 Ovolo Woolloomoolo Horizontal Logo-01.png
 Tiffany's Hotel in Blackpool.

---

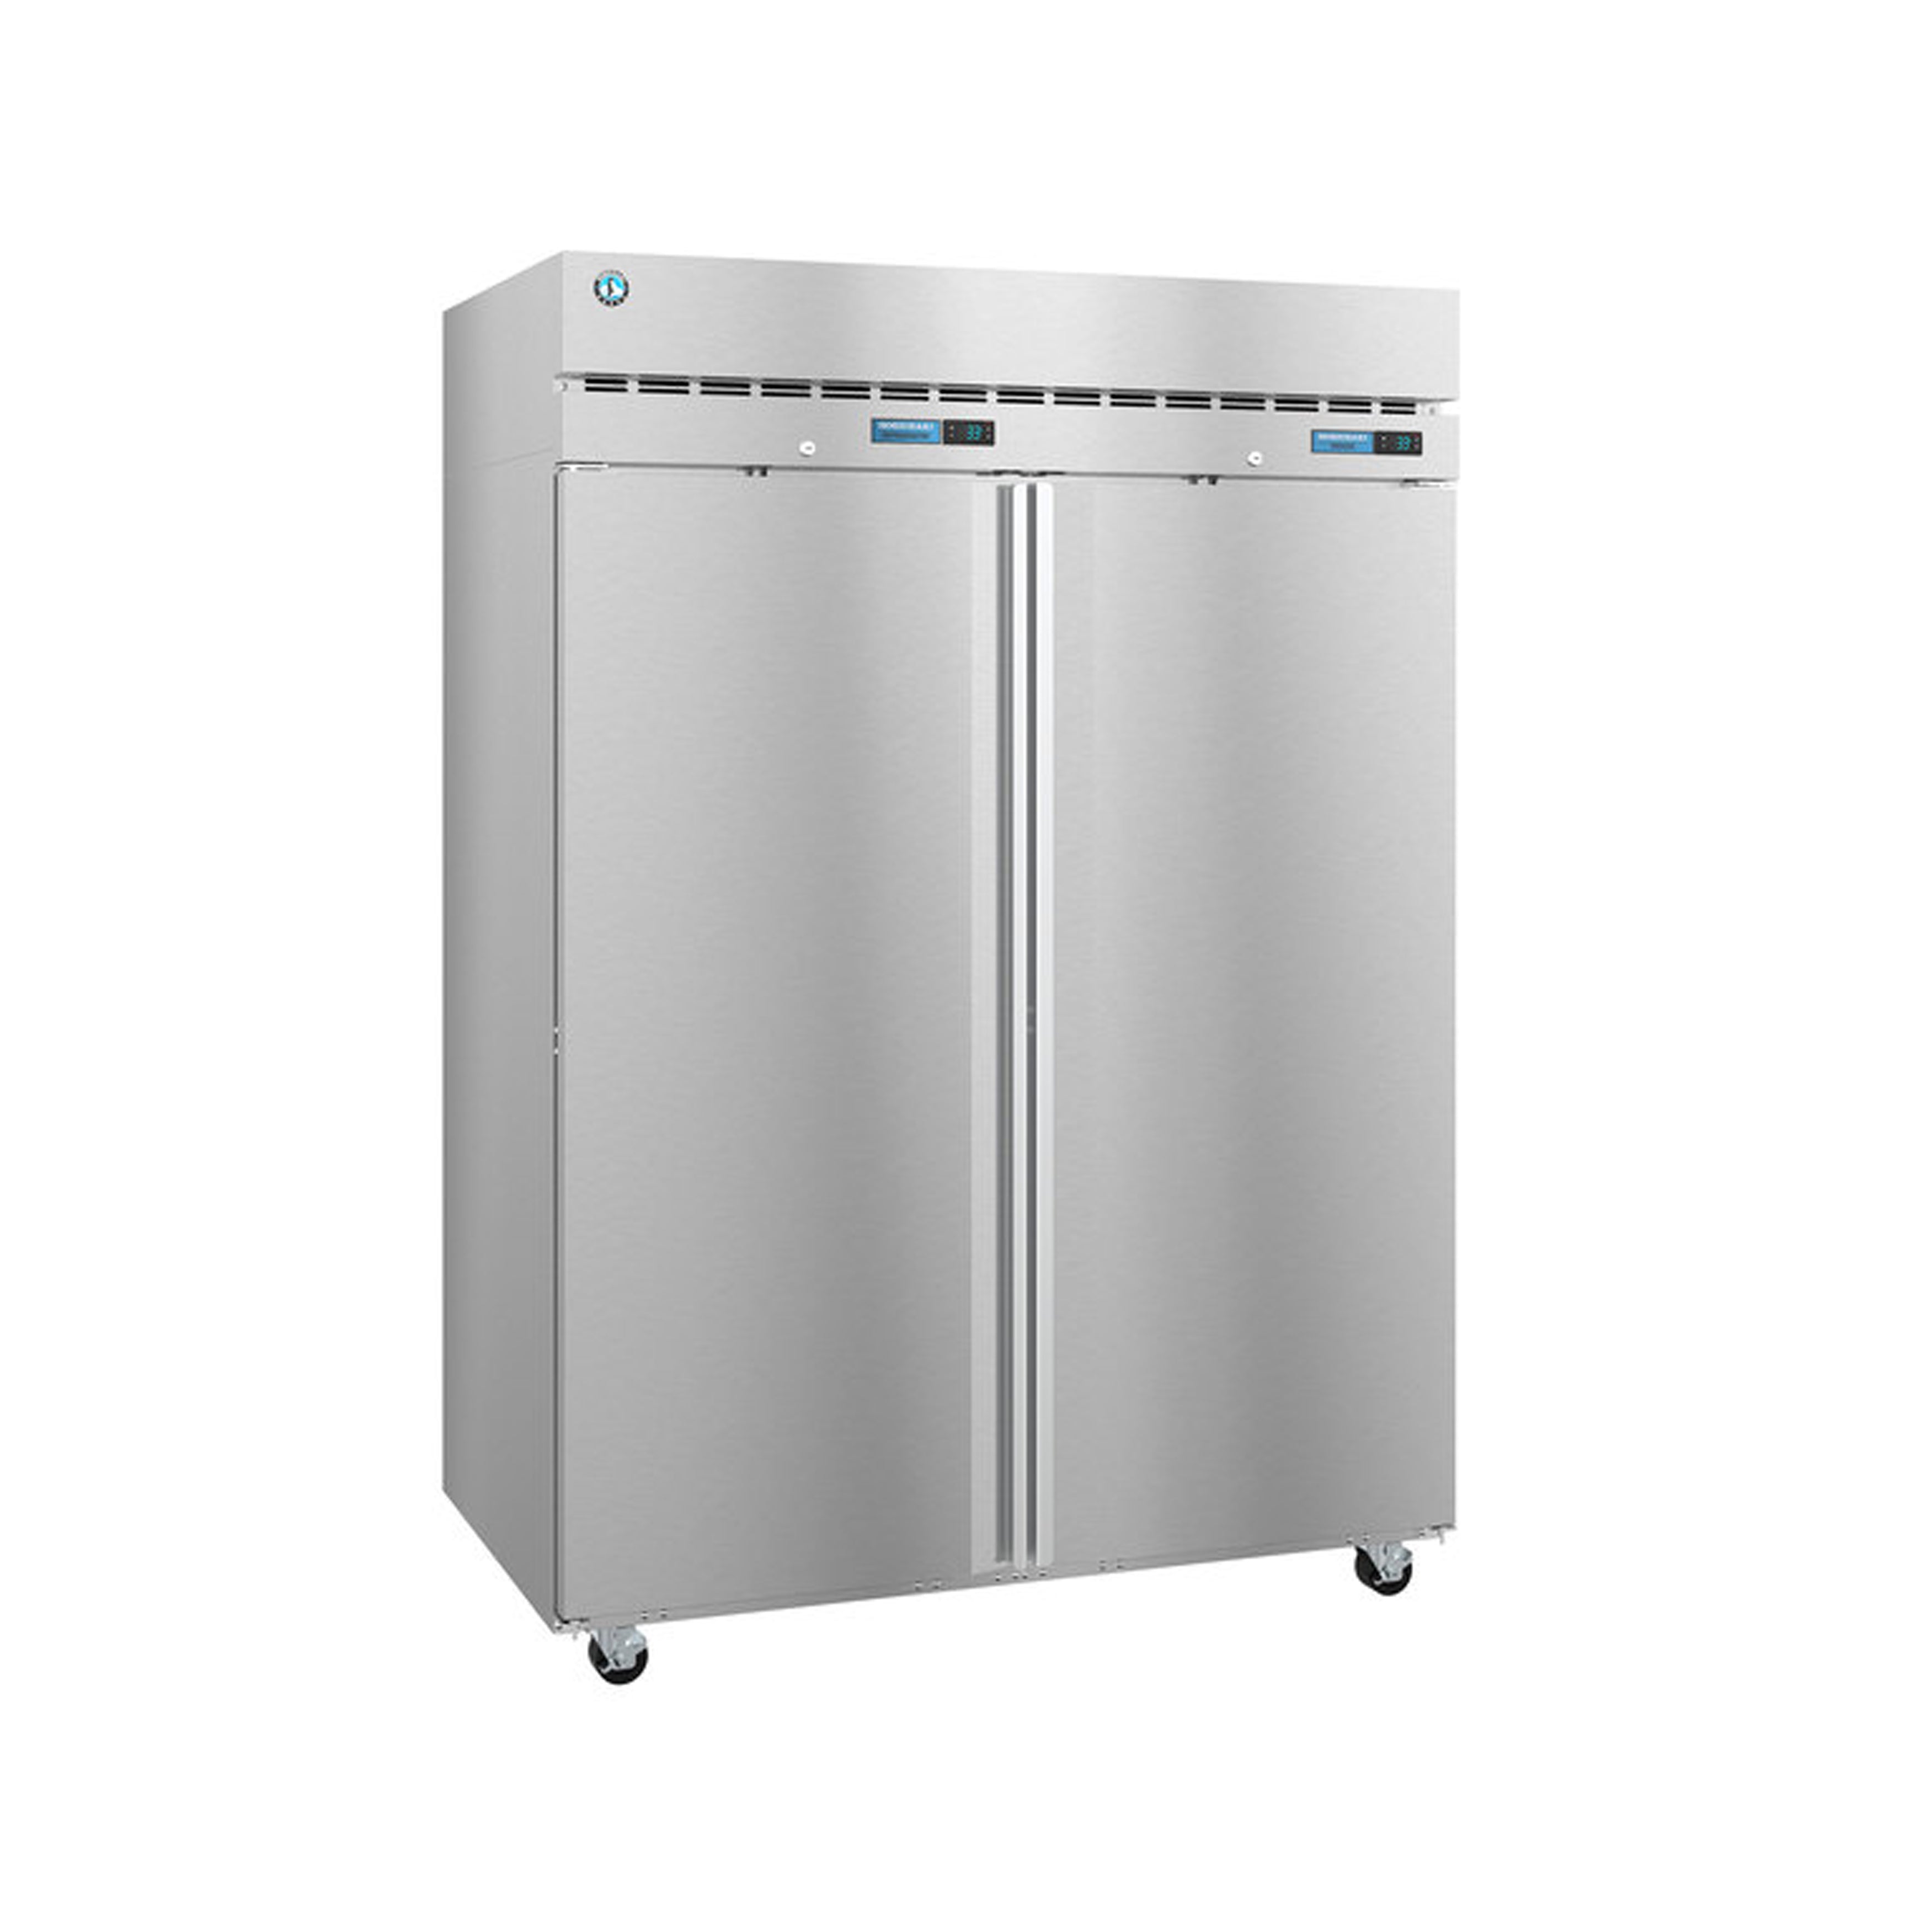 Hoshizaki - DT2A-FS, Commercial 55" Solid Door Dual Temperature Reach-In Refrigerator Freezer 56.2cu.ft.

==

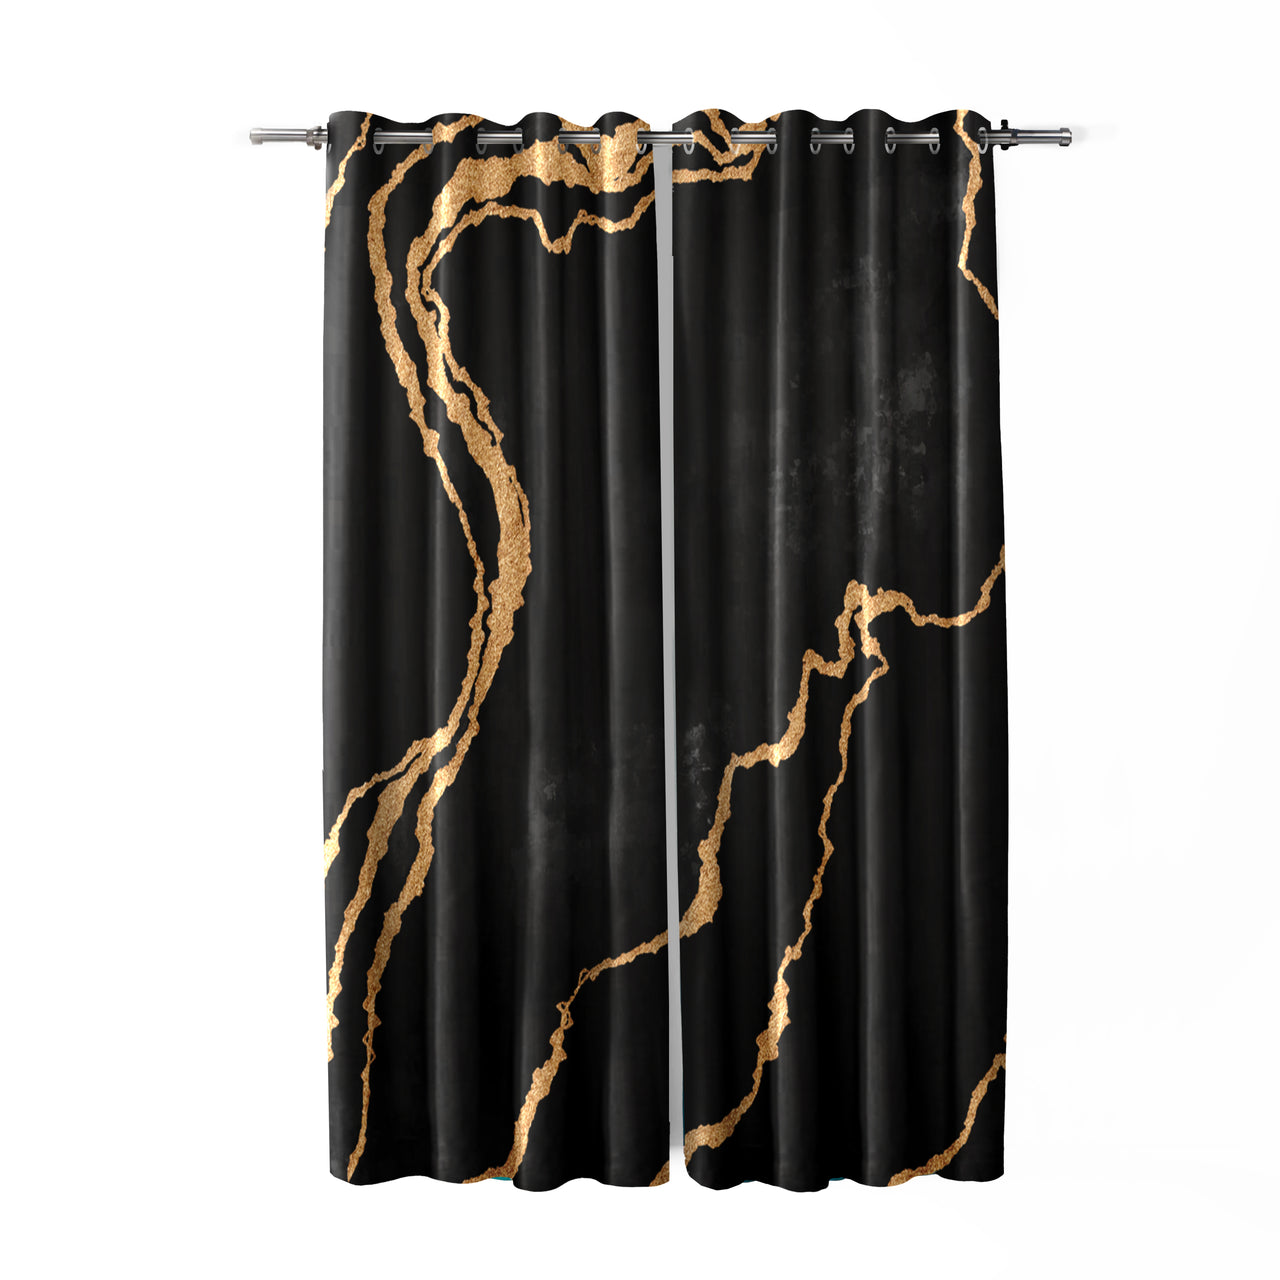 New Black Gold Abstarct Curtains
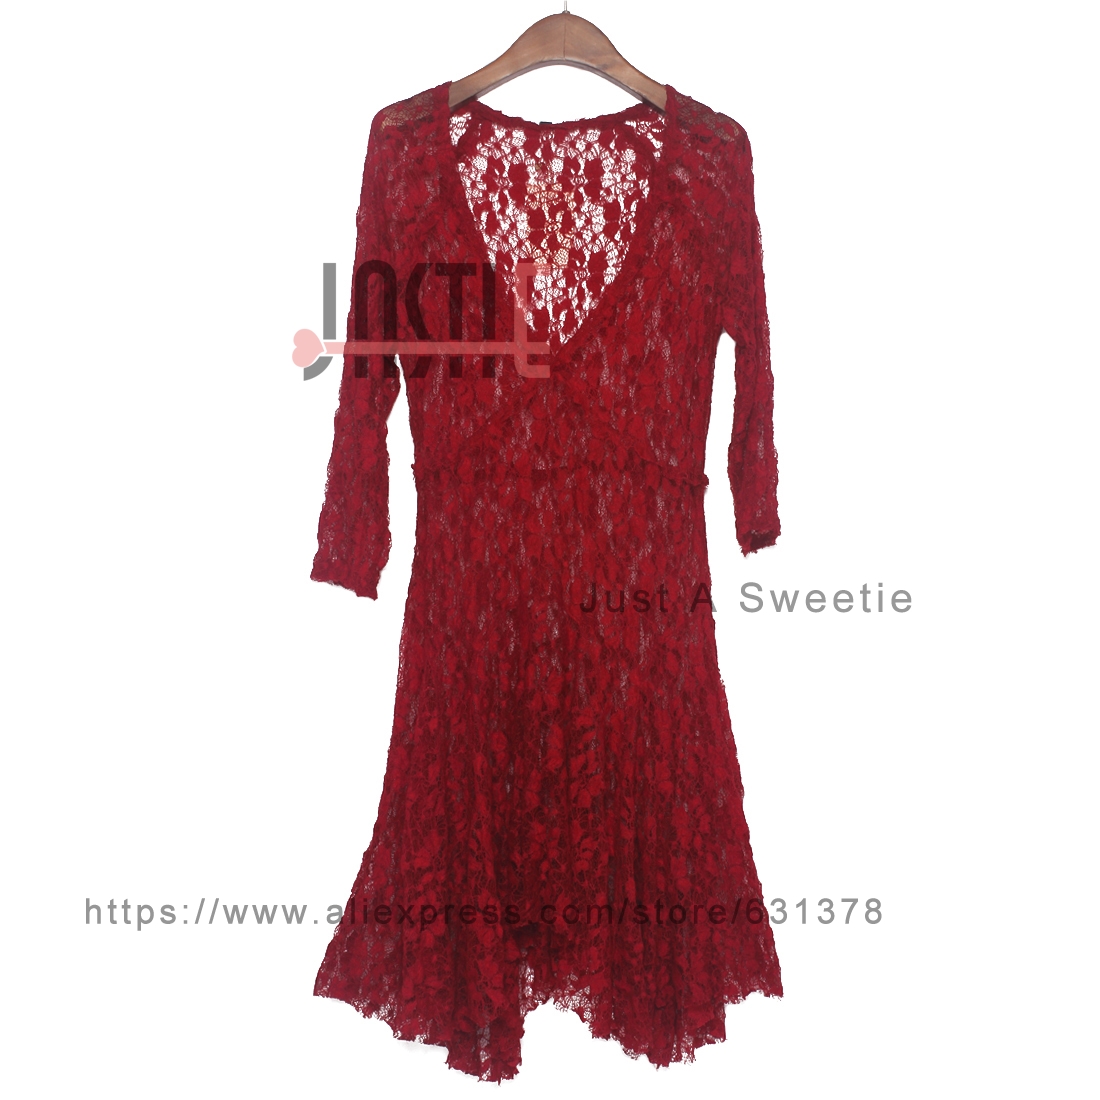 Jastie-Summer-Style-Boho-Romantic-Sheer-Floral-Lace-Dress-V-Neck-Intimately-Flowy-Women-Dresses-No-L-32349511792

What you should do
Look above for the line with "Ovolo Woolloomoolo Horizontal Logo-01.png" and the line with "Tiffany's Hotel in Blackpool.". Retype those two lines and every line between them exactly, adding nothing.

Result of the task
 Ovolo Woolloomoolo Horizontal Logo-01.png
 Tiffany's Hotel in Blackpool.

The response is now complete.